12. The quantum of recovery, however, need not be based on mathematical exactitude as such cost is levied having regard to the liability of all the licensees or a section of them. It would, however, require some calculation.

13. A finding of fact has been arrived at by the High Court that no service was being rendered by the State. If no service is being rendered, even no fee could have been levied. It has been so held by a Constitution Bench of this Court in Jindal Stainless Ltd. and Anr. v. State of Haryana and Ors. [(2006) 7 SCC 241] in the following terms :

"40. Tax is levied as a part of common burden.

The basis of a tax is the ability or the capacity of the tax payer to pay. The principle behind the levy of a tax is the principle of ability or capacity. In the case of a tax, there is no identification of a specific benefit and even if such identification is there, it is not capable of direct measurement. In the case of a tax, a particular advantage, if it exists at all, is incidental to the State's action. It is assessed on certain elements of business, such as, manufacture, purchase, sale, consumption, use, capital, etc. but its payment is not a condition precedent. It is not a term or condition of a licence. A fee is generally a term of a licence. A tax is a payment where the special benefit, if any, is converted into common burden.

41. On the other hand, a fee is based on the "principle of equivalence". This principle is the converse of the "principle of ability" to pay. In the case of a fee or compensatory tax, the "principle of equivalence" applies. The basis of a fee or a compensatory tax is the same. The main basis of a fee or a compensatory tax is the quantifiable and measurable benefit. In the case of a tax, even if there is any benefit, the same is incidental to the government action and even if such benefit results from the government action, the same is not measurable. Under the principle of equivalence, as applicable to a fee or a compensatory tax, there is an indication of a quantifiable data, namely, a benefit which is measurable."

14. The principle of equivalence, therefore, is the foundation for levy of a fee. It must be held to be the foundation of a statutory charge like supervisory charges. It was for the State to prove it. Once the State has failed to bring record the foundational facts, it is not for the appellant who is merely a statutory authority for collecting the same as an agent of the State to contend that the same was payable. The State of Maharashtra is not before us.

In Aashirwad Films v.
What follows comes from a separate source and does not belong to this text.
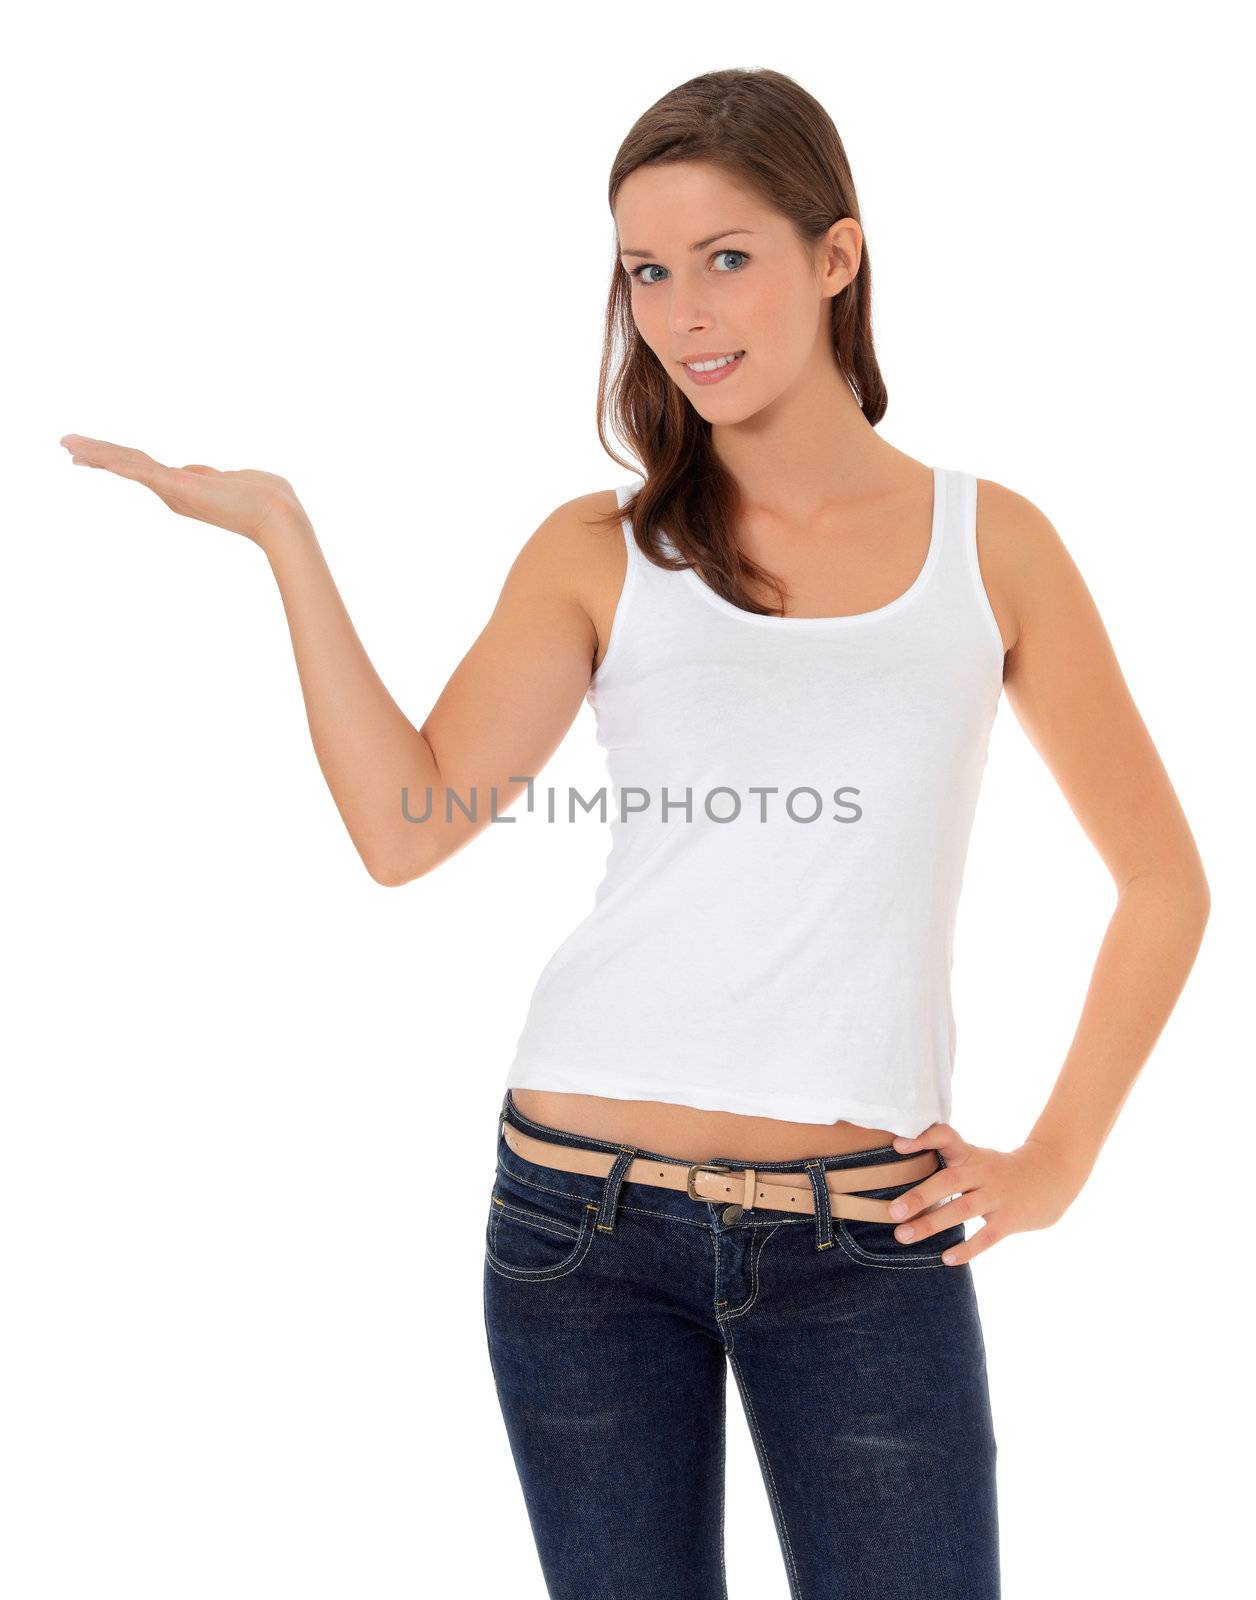 Attractive young woman pointing to the side. All on white background.

Union of India (UOI) and Ors. [(2007) 6 SCC 624], it has been held :

"It is also required to be realized that imposition of reasonable tax is a facet of good governance."

15. Cost of supervision, if borne by the State has to be recovered by it.

The burden was, therefore, on the State to justify the levy. Even the general or special order, if any, purported to have been issued by the State has not been brought on record. On what basis, the supervision charges were being calculated is not known. The premise for levy or recovery of the amount of supervisory charges is not founded on any factual matrix. Only the source of the power has been stated but the basis for exercise of the power has not been disclosed.

16. We, therefore, are of the opinion that there is no infirmity in the impugned judgment.

17. So far as the question of payment of interest is concerned, it must be referable to the statute. When the statute controls the levy, the interest payable thereupon, as envisaged thereunder must also govern the field. The general principle of restitution may not apply in this case.

18. The High Court having exercised its discretionary jurisdiction in the matter, we do not find any reason to take a different view. The impugned judgment, therefore, needs no interference. The appeal is dismissed with no order as to costs.